Automated web scraping using GitLab CI/CD

In my previous post I created a Shiny app for exploring the text of Australian Prime Minister Scott Morrison’s speeches and interviews. While I was pleased with the app, one thing I didn’t like was having to run scraping and processing scripts manually to keep the data feeding the app up to date.

This post describes how I used GitLab CI/CD and and AWS S3 to automate my scripts and save their outputs so that I could use them in the ScoMoSearch app. Because this involved learning a few tools that were new to me, I’ll go through in detail the steps I took to get this working.

The original workflow and why it needed to change

The Shiny app was deployed using AWS EC2 and Shiny Server (following Charles Bordet’s excellent and comprehensive guide). Because the raw transcripts from the PM’s website require a lot of cleaning and processing, I opted to do these steps outside the Shiny app, save the R objects required, and then have the app load the saved objects. My initial workflow for updating the data feeding the Shiny was:

Run scraping, cleaning, and processing scripts locally. The resulting objects required for Shiny are saved.
Push to ScoMoSpeeches repo.
Log into AWS EC2 instance running Shiny Server.
Pull from ScoMoSpeeches repo. The deployed Shiny now has the up-to-date objects.

Though this wasn’t a complex workflow, it became tedious to perform regularly (particularly because the first step would take about 20 minutes on my laptop). After a week or so of doing this, it became clear that the process needed to be automated.

The approach I settled on required three major changes:

Save R objects required for the Shiny in AWS S3 instead of locally.
Have the Shiny read these R objects from S3. This means I don’t need to update anything in the EC2 instance for the Shiny to have access to current data.
Run the processing scripts using GitLab CI/CD, which allows me to schedule them to run every day.

Storing and retrieving data in AWS S3

The first step towards making maintenance of the ScoMoSearch Shiny less painful was to remove its dependence on locally stored objects. What I wanted was to be able to update the data feeding the Shiny without updating the Shiny itself.

Enter AWS S3. This is a service that allows you to store files in the cloud. Files are stored in ‘buckets’, which are basically directories and can be made public or private. The AWS free tier allows you to store 5 GB of data. There are limits on the number of times you can access your bucket or add/update things, but this was well above what I needed.

To use AWS S3, you need to set up an AWS account and then generate credentials using the Identity and Access Management page. I followed the instructions in step one from this guide by Ben Gorman. Be aware that the only opportunity to download your credentials is immediately after generating a user, so be sure to get those and keep them somewhere safe. You will need both an AWS secret access key and an access key id.

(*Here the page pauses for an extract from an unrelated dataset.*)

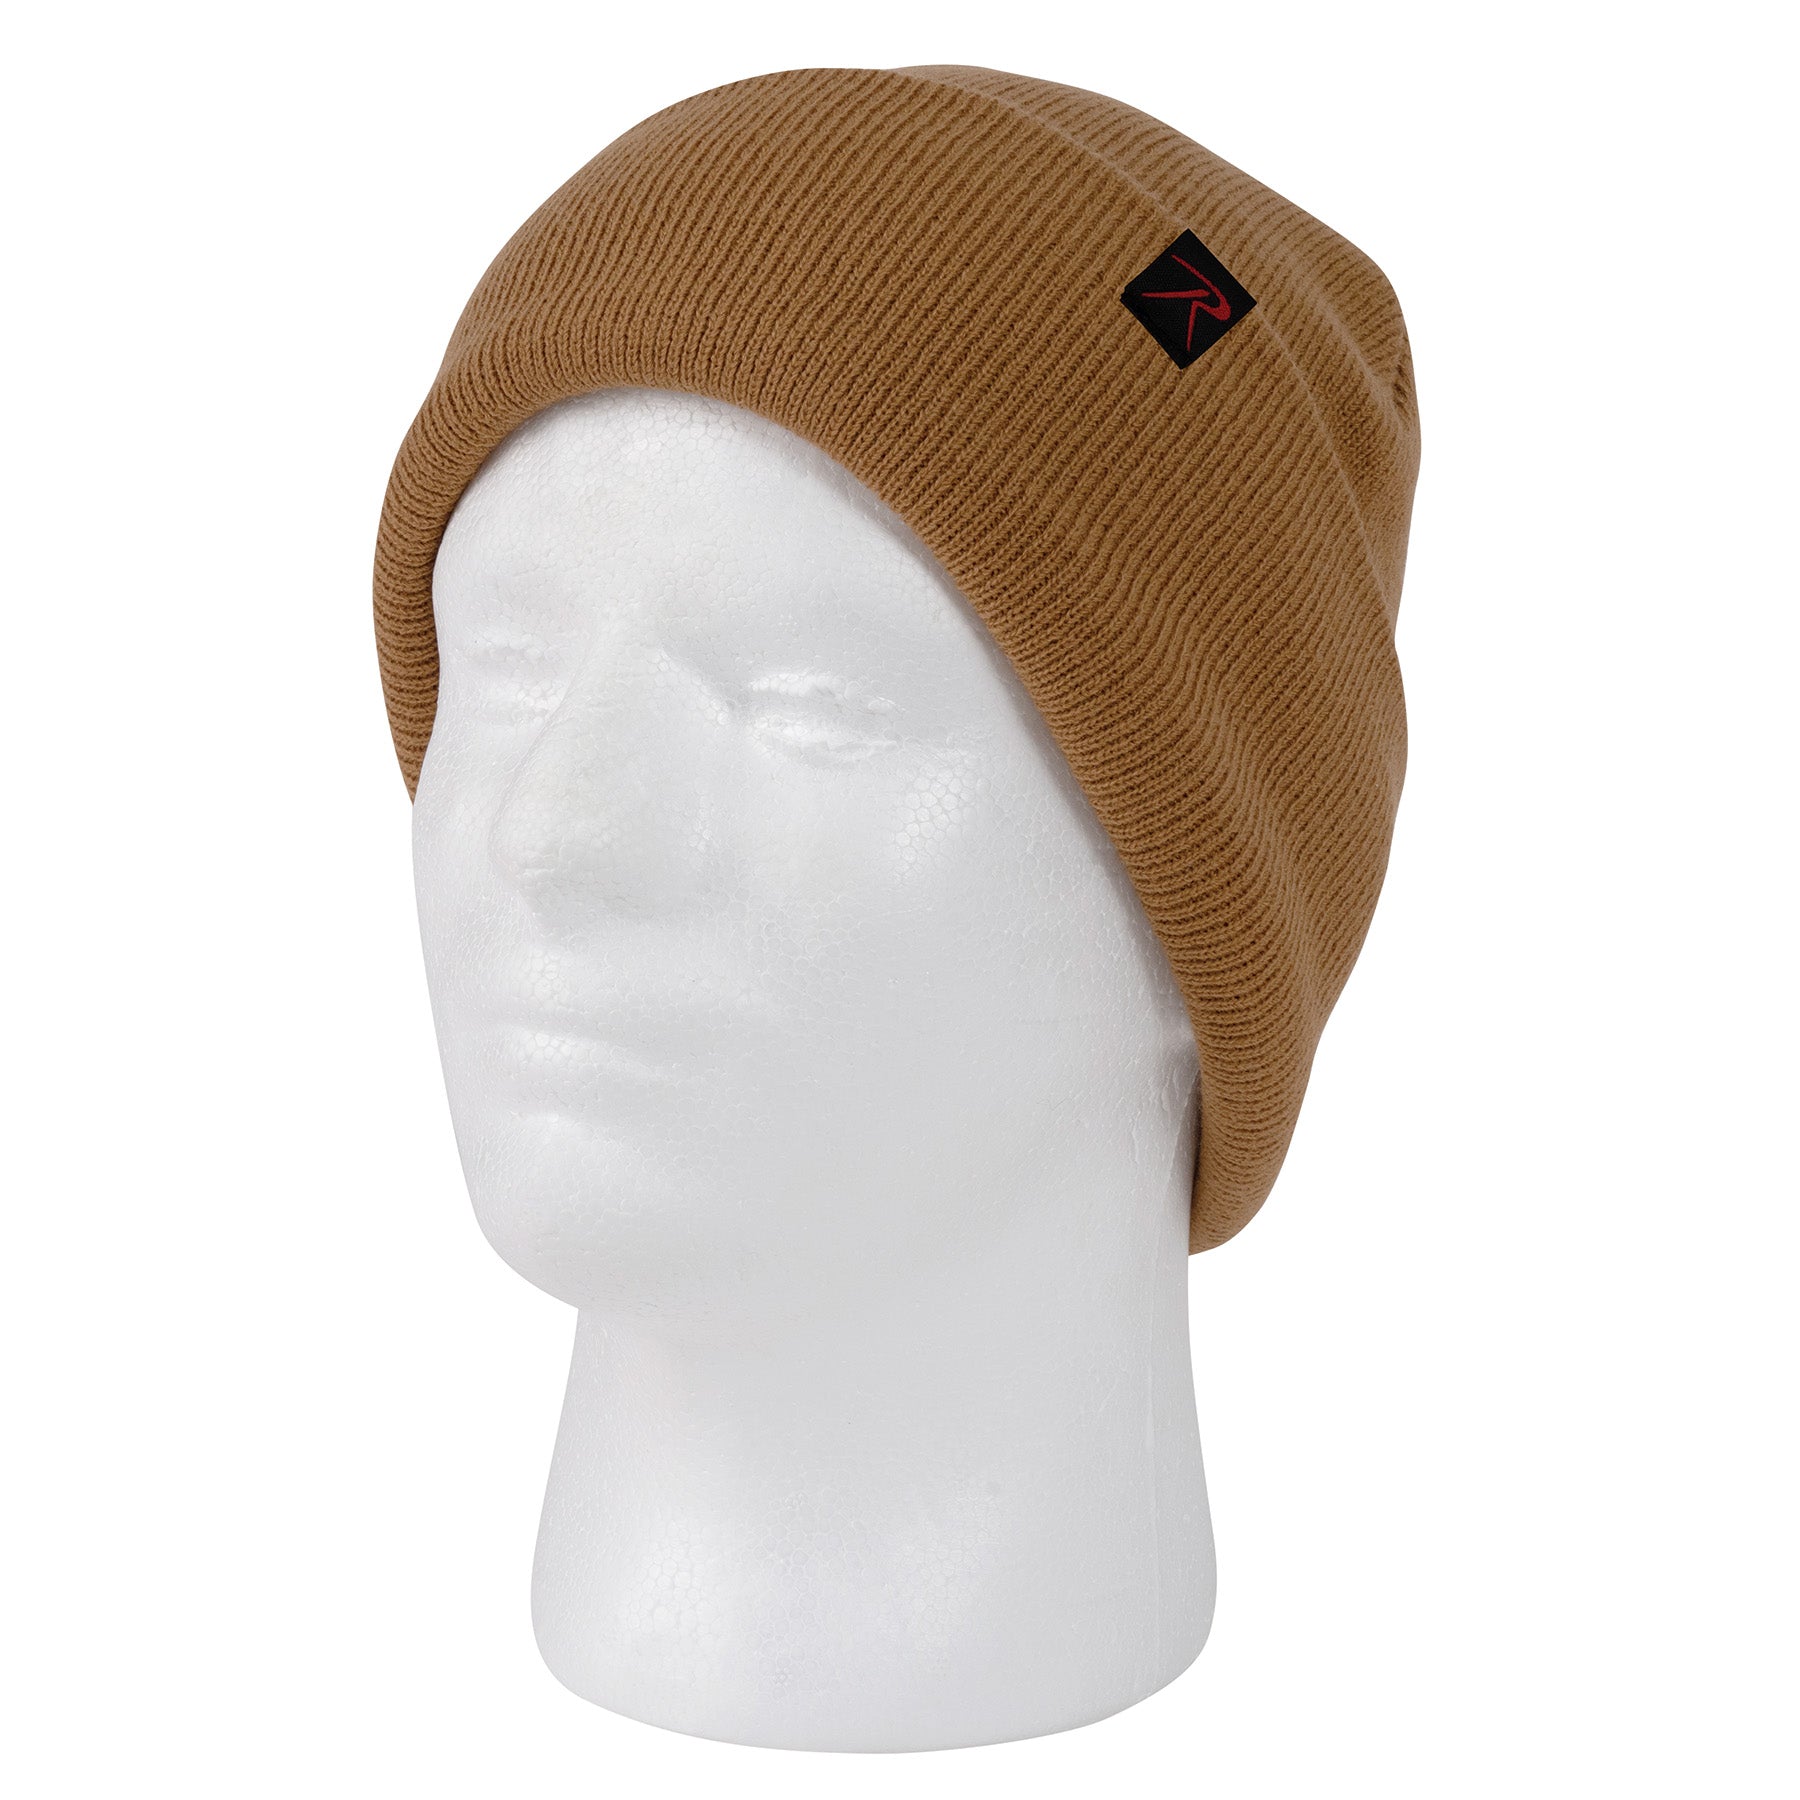 Rothco Deluxe Fine Knit Watch Cap - Various Colors

To access your bucket you’ll also need to know your region.

The aws.s3 package in R allows you to save and retrieve files from your S3 bucket. Importantly, your AWS credentials need to be provided to aws.s3 to connect to your bucket. However, you don’t want your credentials to be public so they can’t go in your script directly.

In the tutorial above they describe how doing this by setting environment variables. However, I couldn’t get this to work using Shiny Server, though it does work when running the Shiny locally.

Instead I stored my credentials in a .dcf file in the same folder as my Shiny and processing scripts. The format of a .dcf file is a set of key value pairs, which lends itself to storing variables. You can create a .dcf file in R using write.dcf() and read from it using read.dcf().

I added the .dcf to my .gitignore file to ensure it wasn’t accidentally made public when I pushed to my repo. Even if your repo is private, it’s not good practice to have passwords and other credentials in code.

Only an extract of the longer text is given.